Sex watchdogs miss a kiss amid the grocery produce

July 08, 2001|By Michael Olesker

THE TWO of them, one with a crewcut and the other with long brown locks, walked through the produce section of this grocery store off Falls Road last week and glanced around to see if anyone was watching. Then they leaned across the alfalfa sprouts for a kiss. It was quick, it was discreet, it was kind of sweet. And, because it was two young women, it might have driven the sexual watchdogs of TakeBackMaryland.org out of their disapproving little minds.

Mainly, this group of Peeping Toms chooses to watch citizens' behavior in bedrooms. The thought of gay people showing affection in a grocery store, or in any public place, would be considered catastrophic. What does this mean? These young women didn't seem ashamed. They didn't seem intimidated. They seemed as comfortable in their skin as ... well, as heterosexuals who grab a kiss without worrying that the vice squad's on its way.

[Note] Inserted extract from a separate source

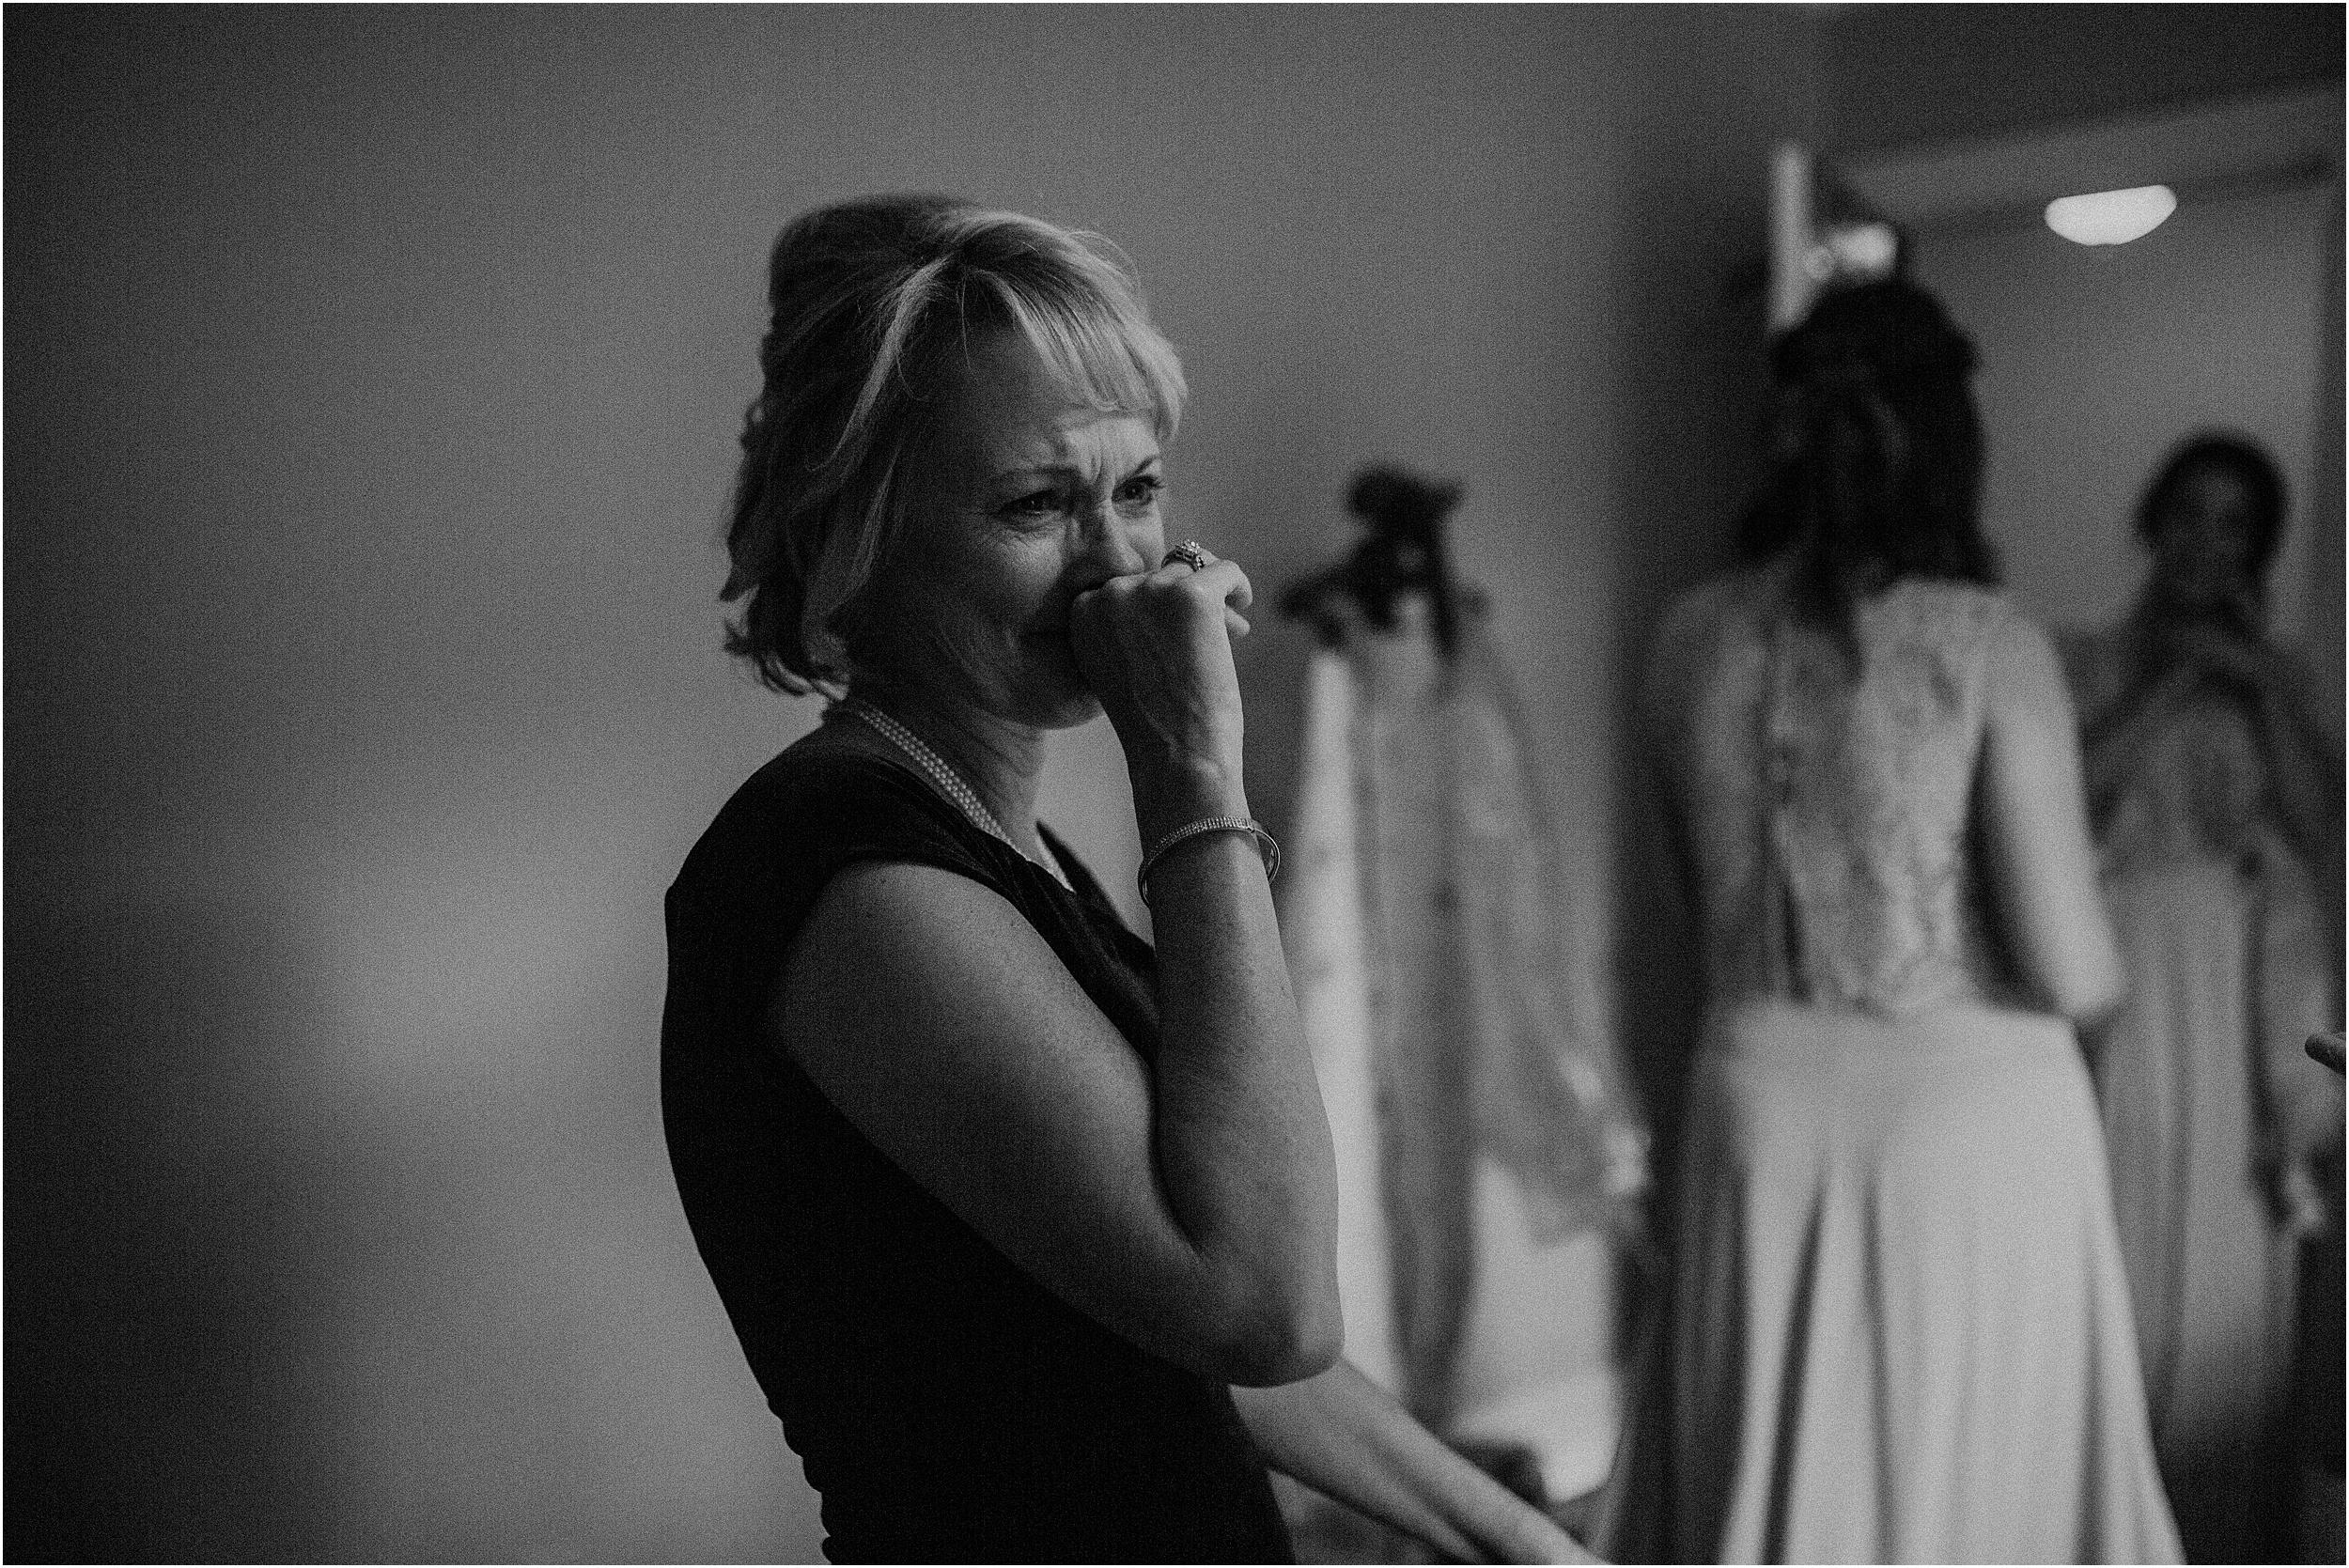 chicago_wedding_photographer_wright_photographs_0093.jpg

For the members of TakeBackMaryland.org - and the 54,000 people who allegedly signed petitions at the organization's behest - this is too bad. In fact, for anyone who thinks someone else's love life is any of his business, it is tough luck. But it is what it is: the beating of human hearts, desiring what nature - their nature, their genetic makeup - has decreed they will desire.

And so, as the two young women strolled through the grocery store last week - one with an extended finger occasionally wrapped around the belt loop of the other - we had a few pieces of sexual politics in the news.

One was the gesture by TakeBackMaryland.org. It is the group responding to last winter's action by the Maryland General Assembly extending the state's anti-discrimination protections in employment and housing and public accommodations.

In other words, the law says quite specifically, nobody should lose a job, or a home, or get thrown out of a public place, because someone has discovered their desires are not heterosexual. Such acts of cruelty have happened throughout history. Is this news to anyone?

Perhaps it is for the members of TakeBackMaryland.org. Nearly two dozen of them showed up last week at the secretary of state's office in Annapolis and handed in four boxes of petitions seeking a public referendum next year that would overturn the newly enacted anti-discrimination laws.

Then they pronounced themselves quite proud of their efforts and predicted that Marylanders would go to the polls in 2002 and strike down the General Assembly's work. (This, despite a poll commissioned by this newspaper last year showing more than 60 percent of the state's residents supported outlawing discrimination based on sexual orientation.)

Then, a few days after the petitions were handed over, the U.S. Census Bureau released new population figures. These indicated about 11,000 Maryland households are headed by same-sex couples. This would be about a half-percent of the state's nearly 2 million households.

Immediately, members of the gay and lesbian community called this a pathetically low approximation of actual numbers. Do we need an explanation? There are still untold numbers of homosexual couples, intimidated by a history of discrimination, who would no more admit their sexual orientation to a government official than they would - well, exchange even the most discreet kiss in a grocery store.

But gay rights advocates did take a certain comfort in the census numbers, which showed gays and lesbians living in communities across the entire state. Such a fact indicates a certain universality - they're everywhere, folks - as well as certain needs, and certain political strengths.

For members of TakeBackMaryland.org, this seems to represent a threat. Their argument against anti-discrimination legislation is couched in language both direct and veiled. They ask: Why do we need "special" laws for gays? They ask: Why do we need more government involvement in private life?

Such questions seem to mask a more overriding cultural concern, sometimes stated explicitly and sometimes not: that homosexual behavior is inherently wrong, that conscious, subversive "lifestyle choices" have been made by gays and lesbians, that homosexuals can be "cured" and made into heterosexuals if only they'll work at it diligently enough - and that the genetic makeup that determines human desire has nothing to do with how all people live their lives.

People do make choices. We choose to live and let live, or meddle in other people's lives. We choose to honor people's right to sexual privacy, or use it to stigmatize them.

And we choose to ignore a history of discrimination, of humiliating people because of their hearts' desires - or ensure that such cruelty does not continue any longer among civilized human beings.